This interpretation of Dawkins's simulation was, however, wrong. Concerning generations, Dawkins writes [5]

The computer examines the 'progeny' of the original phrases, and chooses the one, however slightly, most resembles the target phrase...

Since "phrases" is plural, Dawkins uses more than one child per generation.

So what was the search algorithm used by Dawkins? Unfortunately, Richard Dawkins no longer has the code he used for the simulation. Copies of the code were apparently distributed to others. Denyse O'Leary, author and blogger extraordinaire, initiated a contest to find the original code [9]. Over 375 responses were received, but no definitive code was identified. There was general consensus that, rather than partitioned search, Dawkins used a Hamming oracle [11].

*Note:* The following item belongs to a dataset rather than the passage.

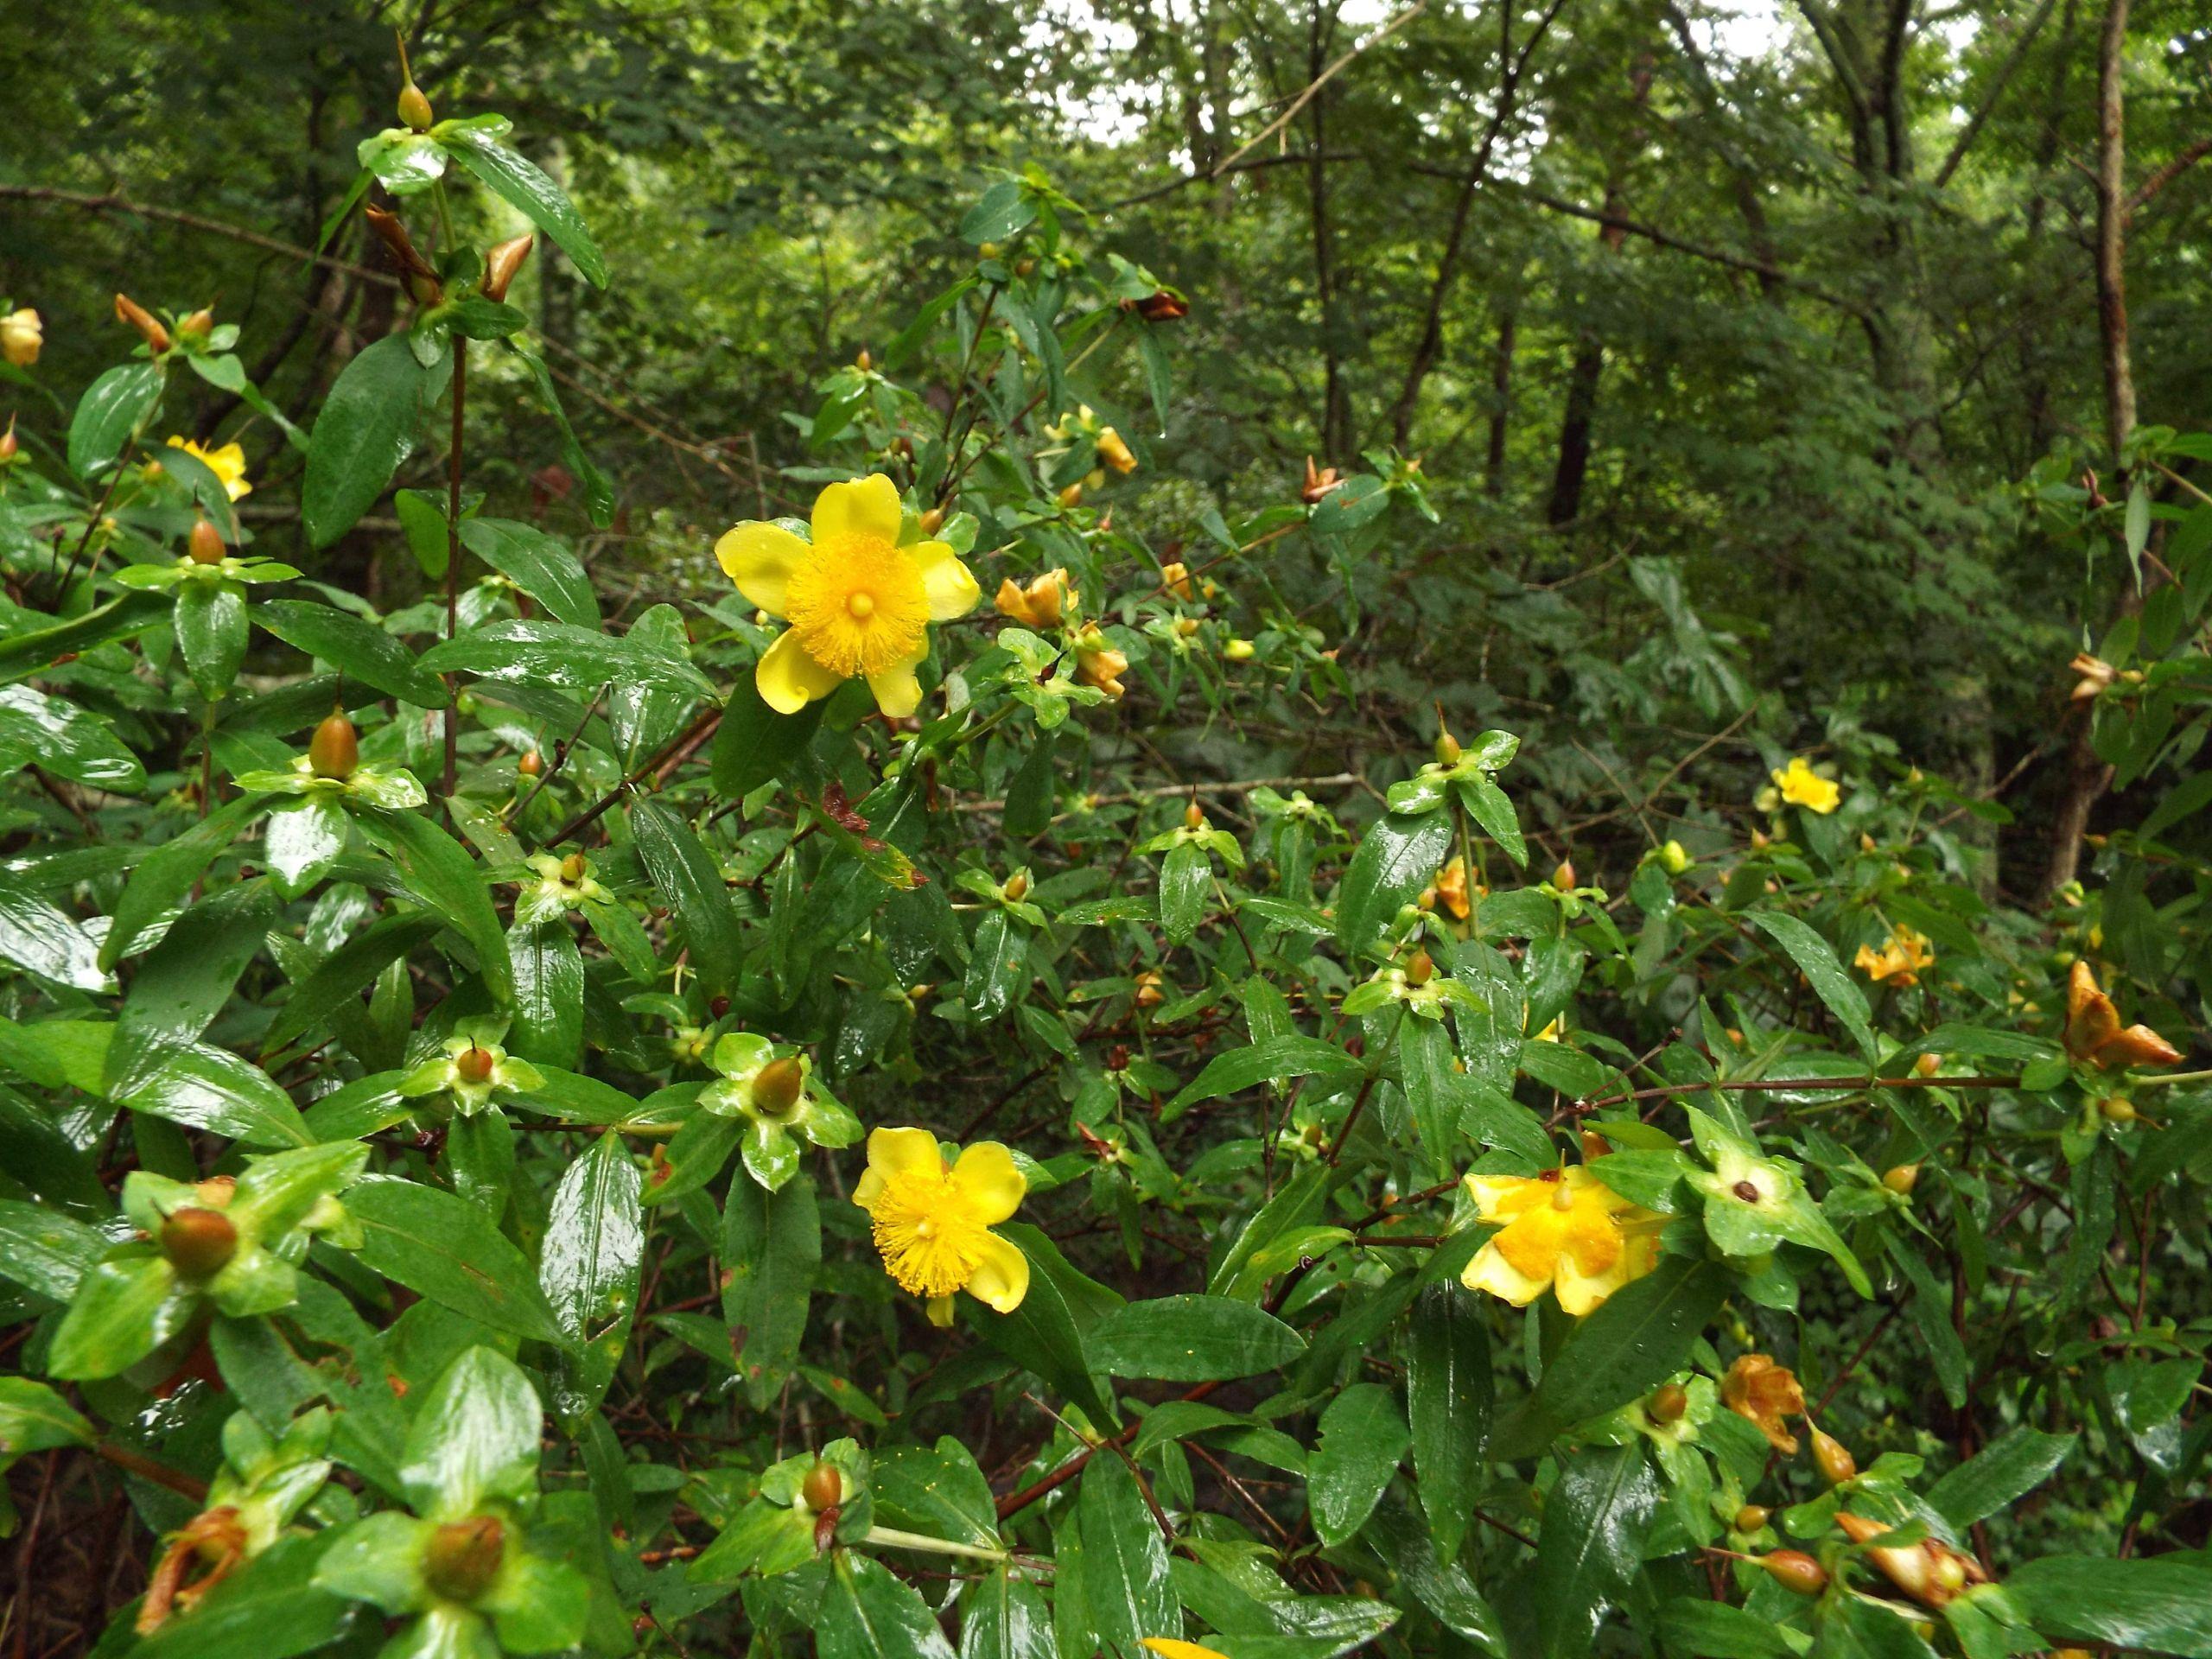 Hypericum frondosum Cedar glade st johnswort JPG

In response, Ewert, Montañez, Dembski and Marks published a paper where various implementations of Hamming oracle solutions to the WEASEL problem are analyzed [11]. They also proposed a deterministic search algorithm, FOOHOA, that outperforms the evolutionary search. You can examine them all with the Weasel Ware Simulation.

The mathematical details for the partitioned search are here [10] and those for the Hamming oracle are here [11].

Ewert et al. [11] also proposed a "search for the search" for the optimal algorithm to extract active information from the Hamming oracle.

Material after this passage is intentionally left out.